▶ [WORK ORDER] With the pictures left out, copy the listing below exactly.

▶ [GIVEN INFORMATION]
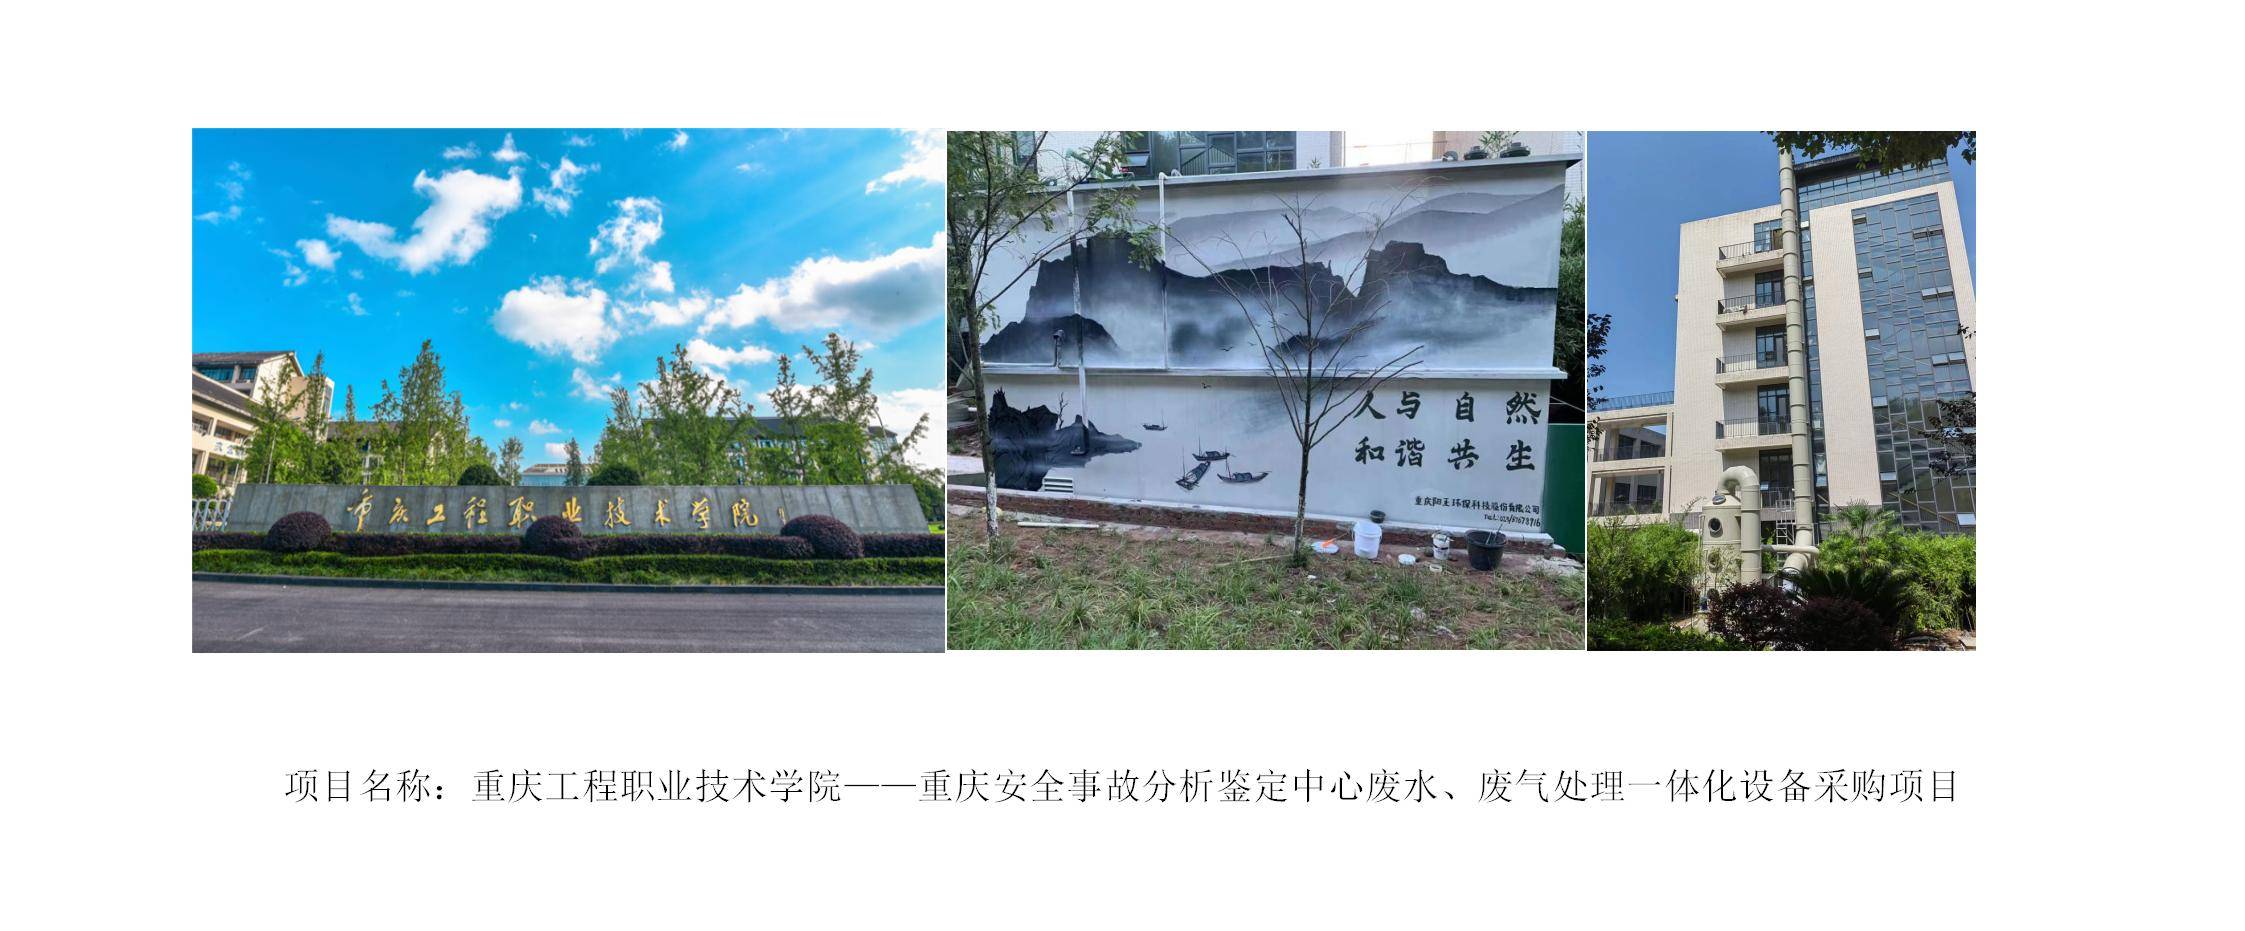 重庆工程职业技术学院重庆安全事故分析鉴定中心废水、废气处理一体化设备采购项目
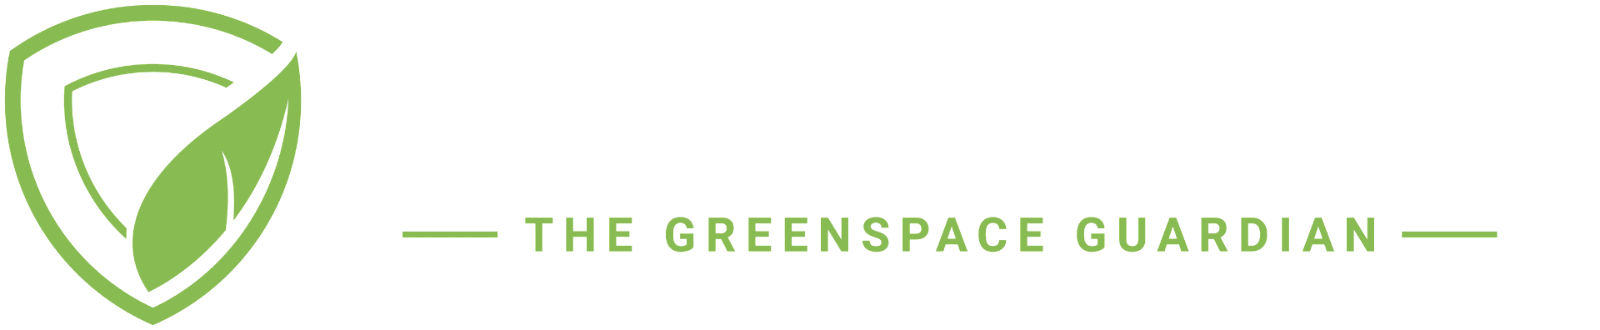 Plant Sentry
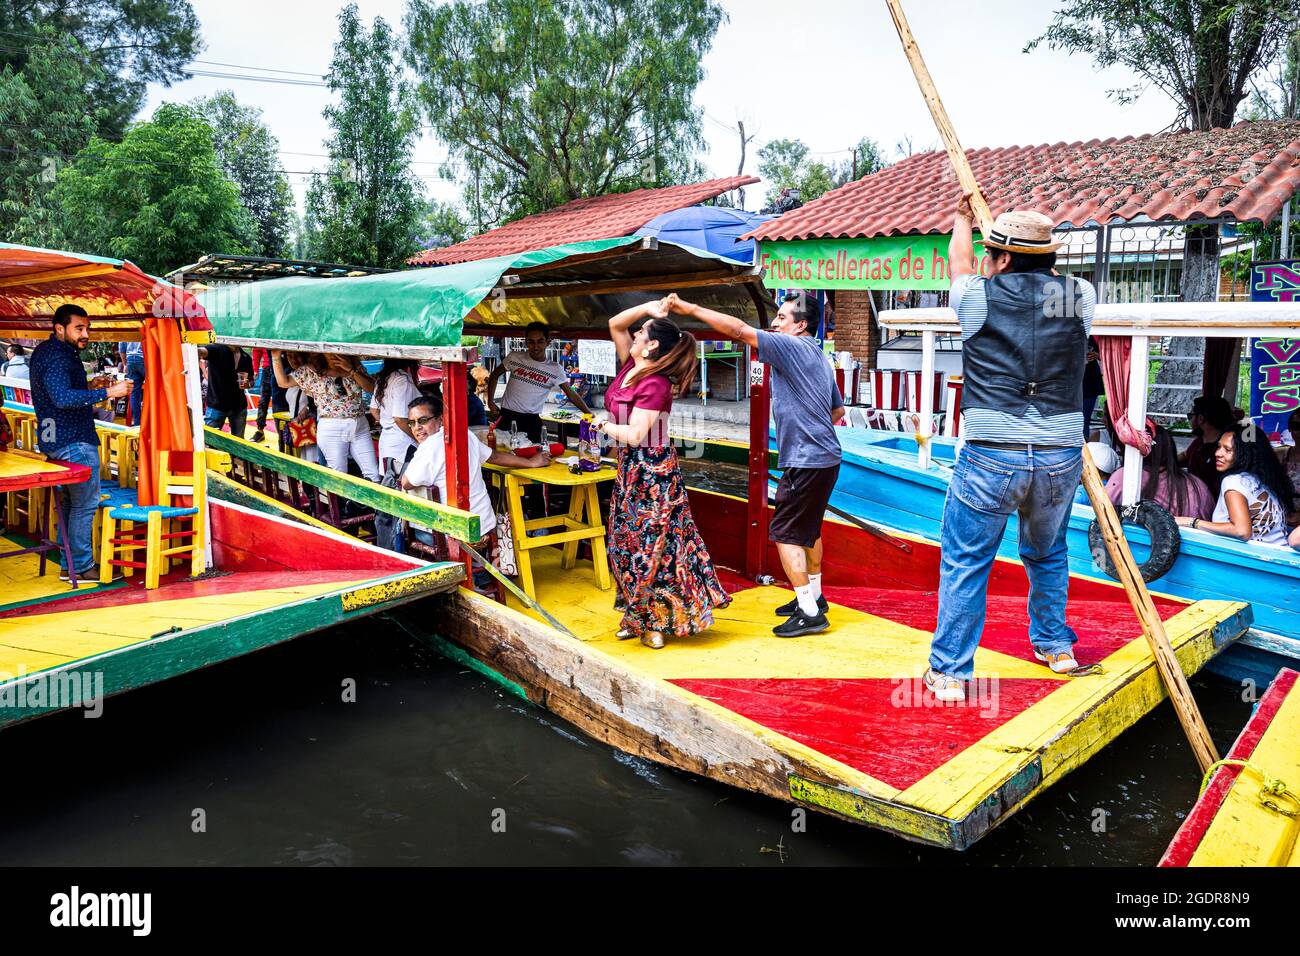 Un couple danse spontanément sur l'un des bateaux de Xochimilco, Mexico, Mexique. Banque D'Images
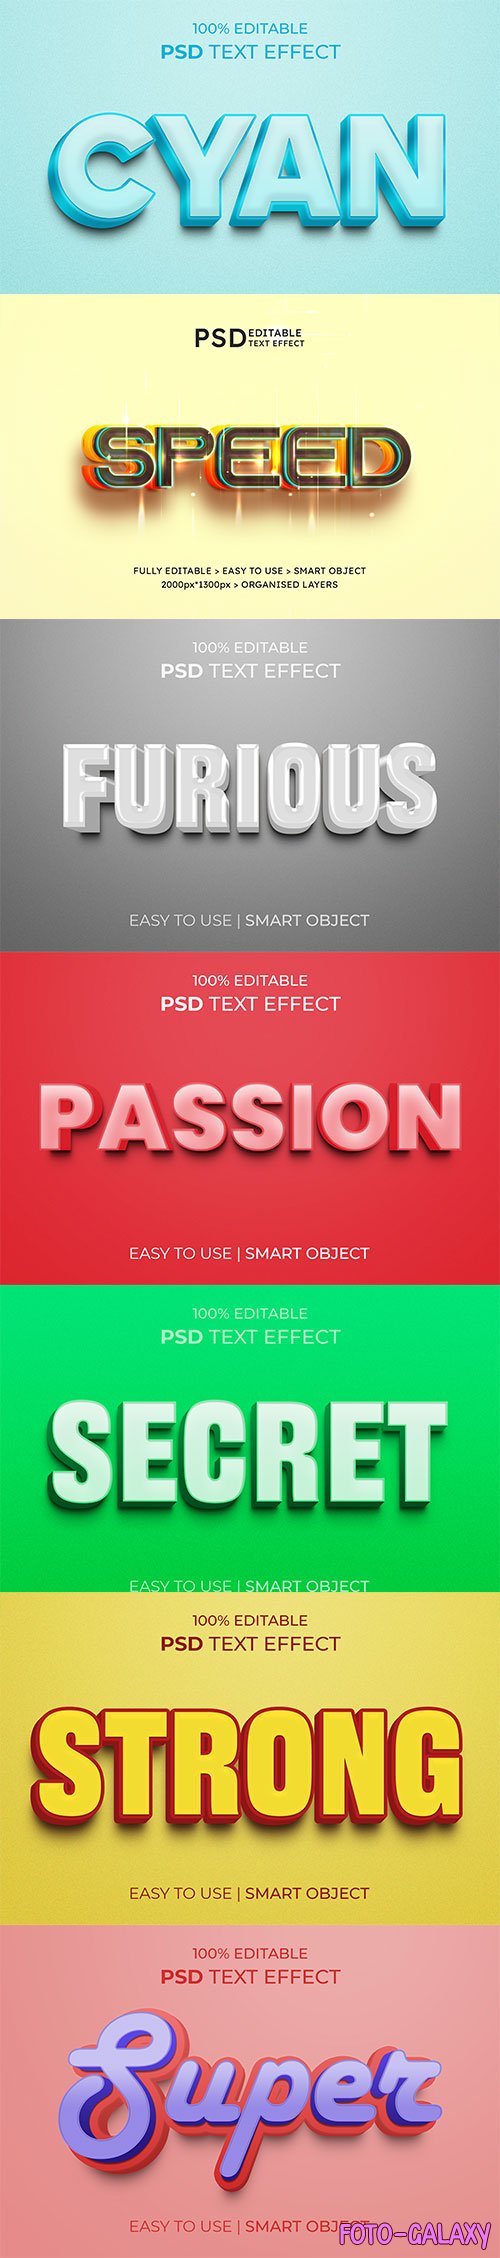 Psd text effect set vol 596

▶ [EXERCISE ANSWER]
 重庆工程职业技术学院重庆安全事故分析鉴定中心废水、废气处理一体化设备采购项目
 Plant Sentry
 Un couple danse spontanément sur l'un des bateaux de Xochimilco, Mexico, Mexique. Banque D'Images
 Psd text effect set vol 596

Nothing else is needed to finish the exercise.